SOURCE DATA
━━━━━━

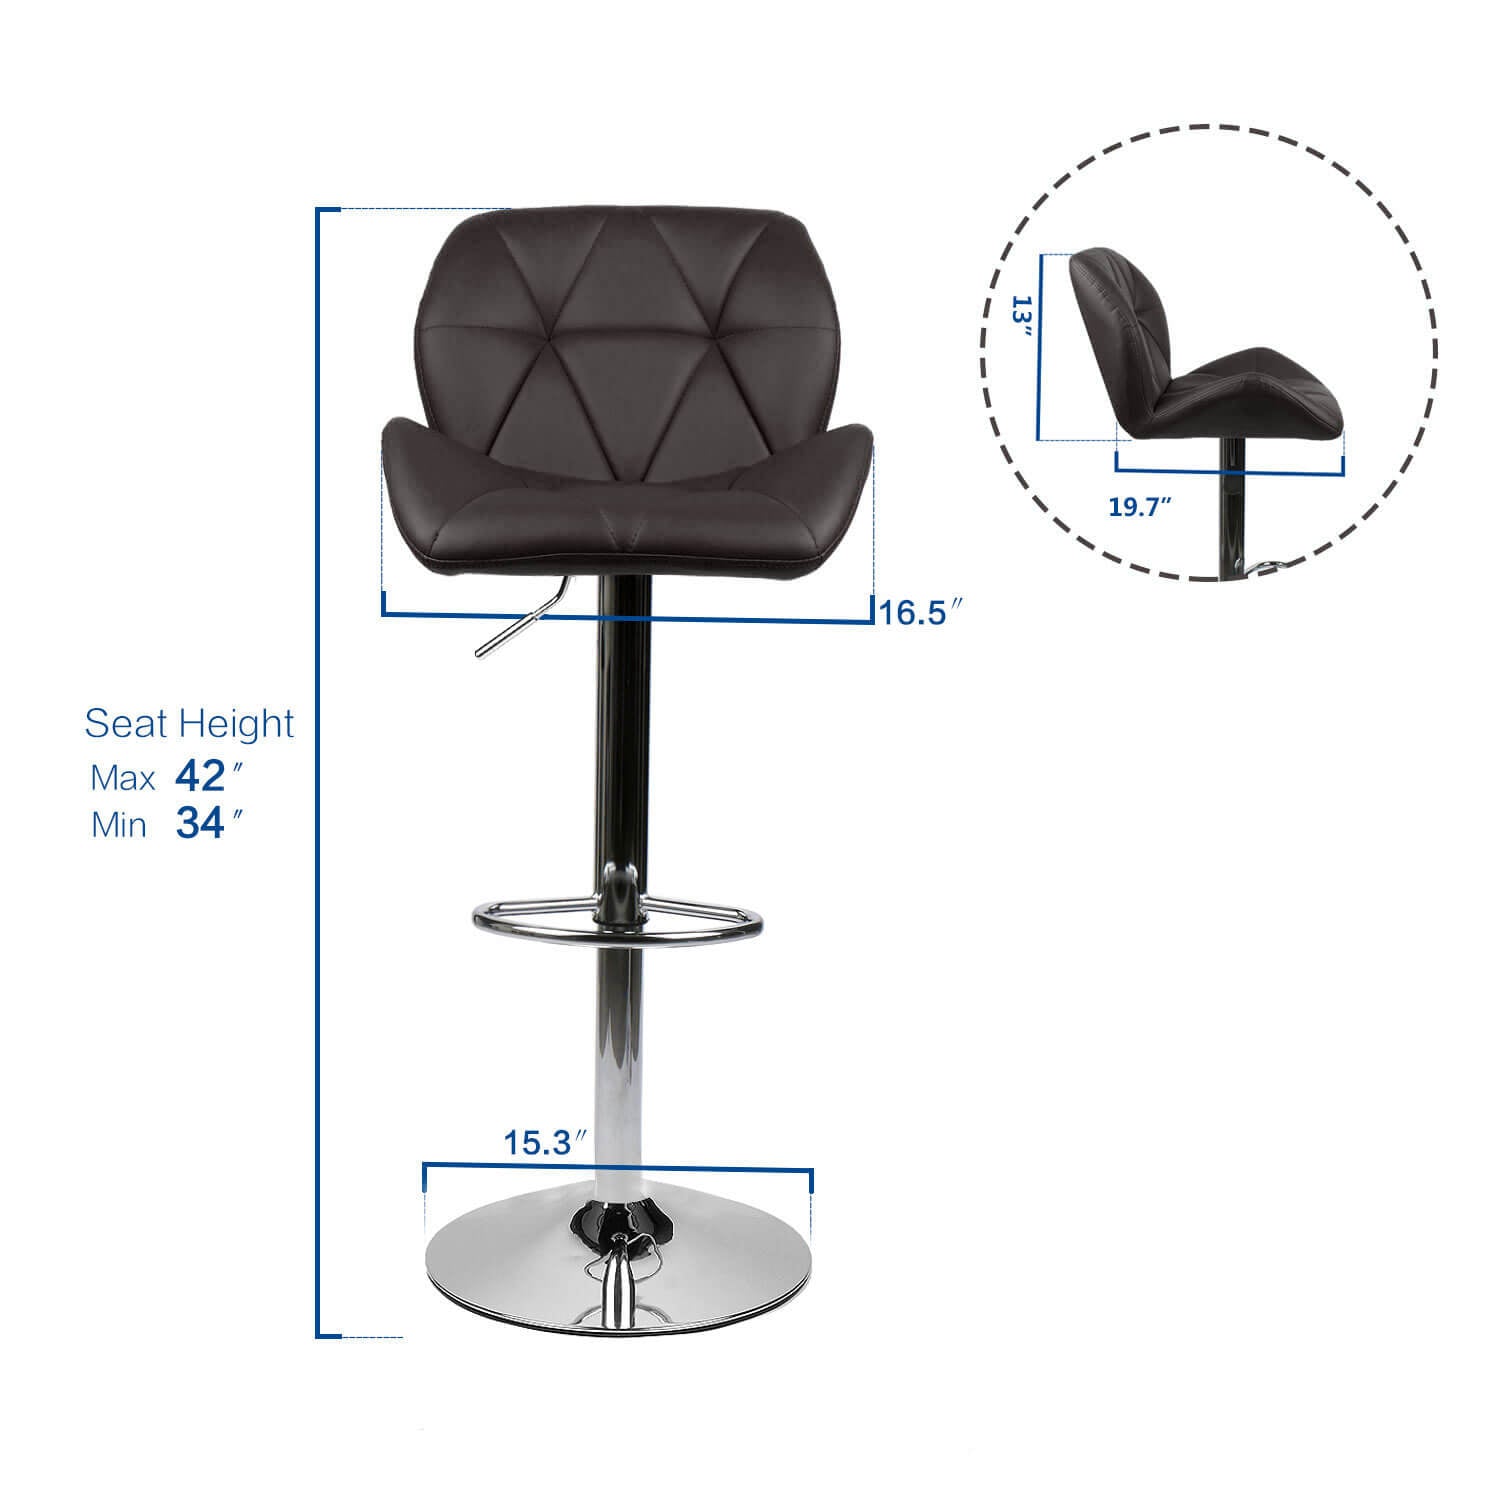 Elecwish brown bar stool OW001 size
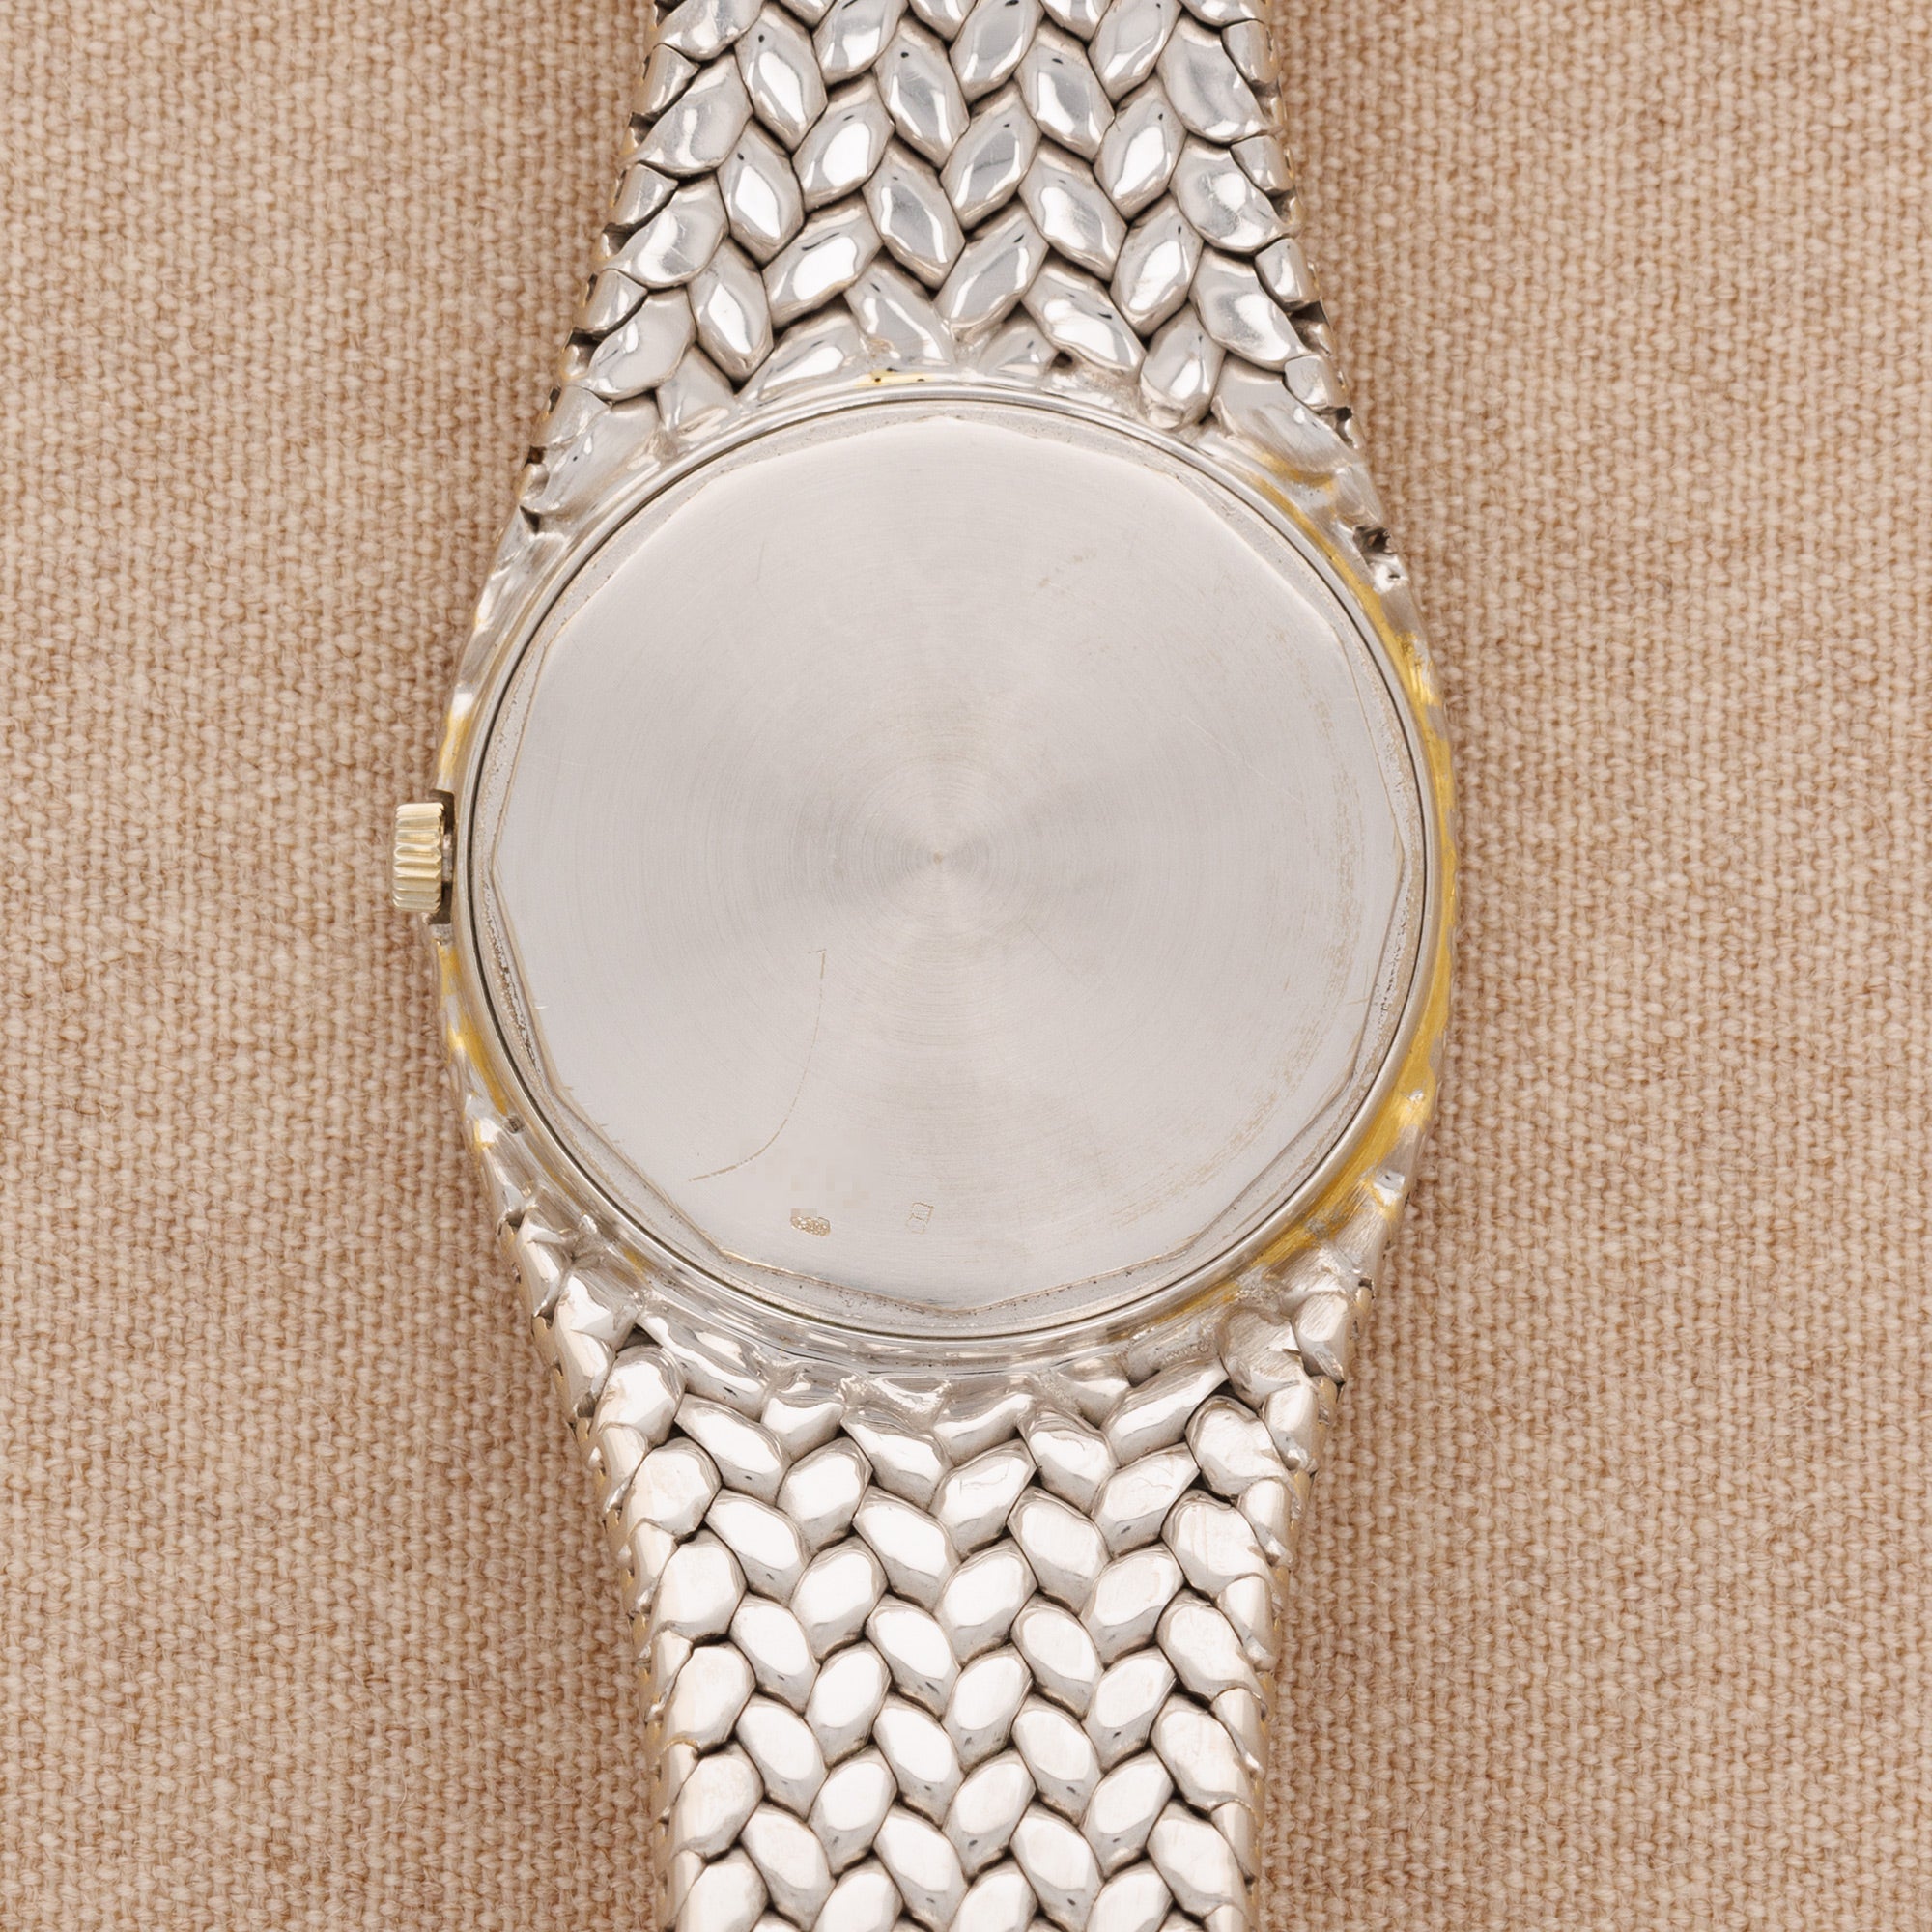 Audemars Piguet - Audemars Piguet White Gold Cobra Ref. 5403 - The Keystone Watches
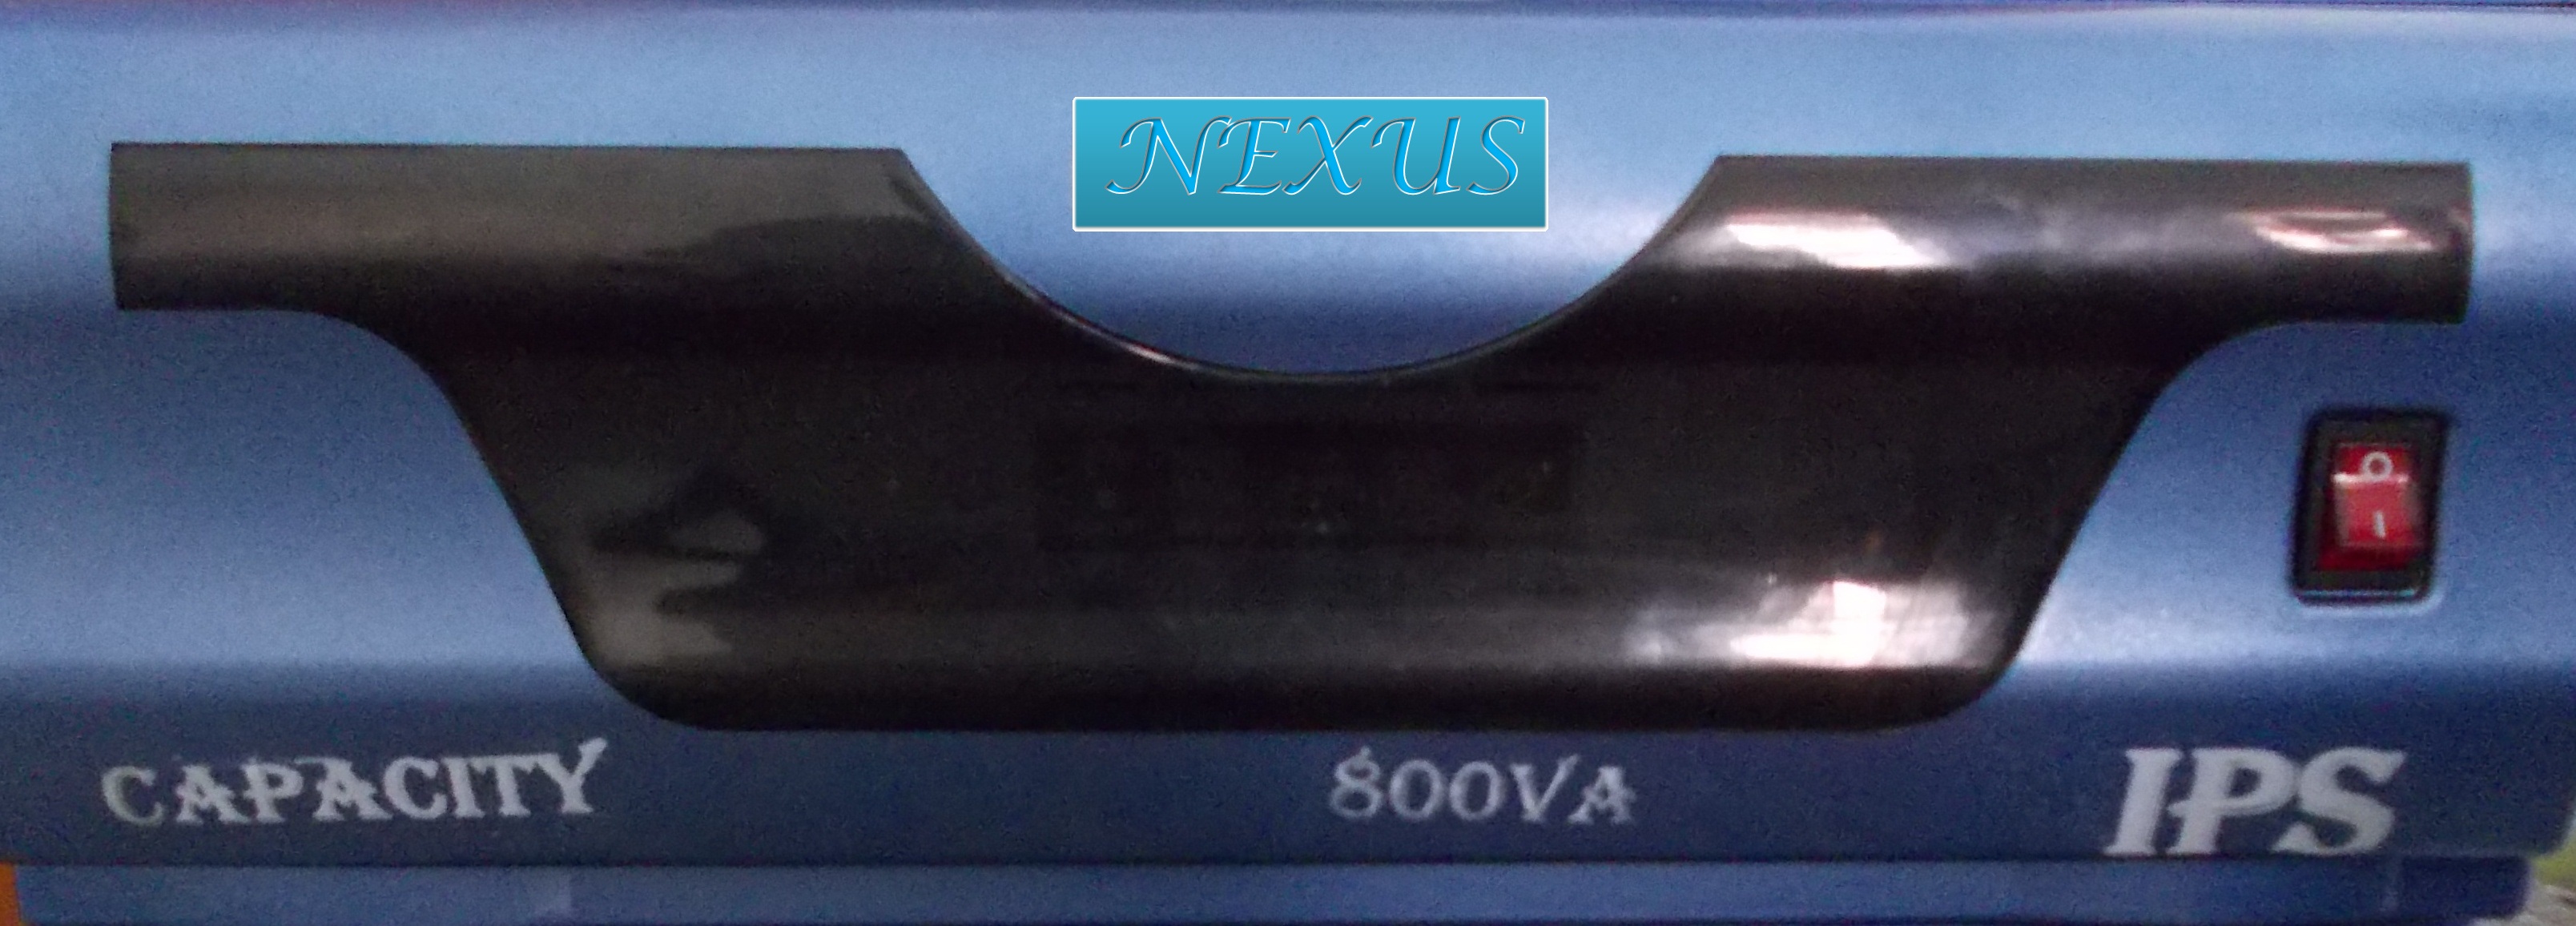 Nexus IPS 2 Years Warranty large image 0

━━━━━━

WORK REQUIRED
Repeat every line of the data exactly, but do not include pictures.

PROBLEM SOLUTION
 Elecwish brown bar stool OW001 size
 Audemars Piguet - Audemars Piguet White Gold Cobra Ref. 5403 - The Keystone Watches
 Nexus IPS 2 Years Warranty large image 0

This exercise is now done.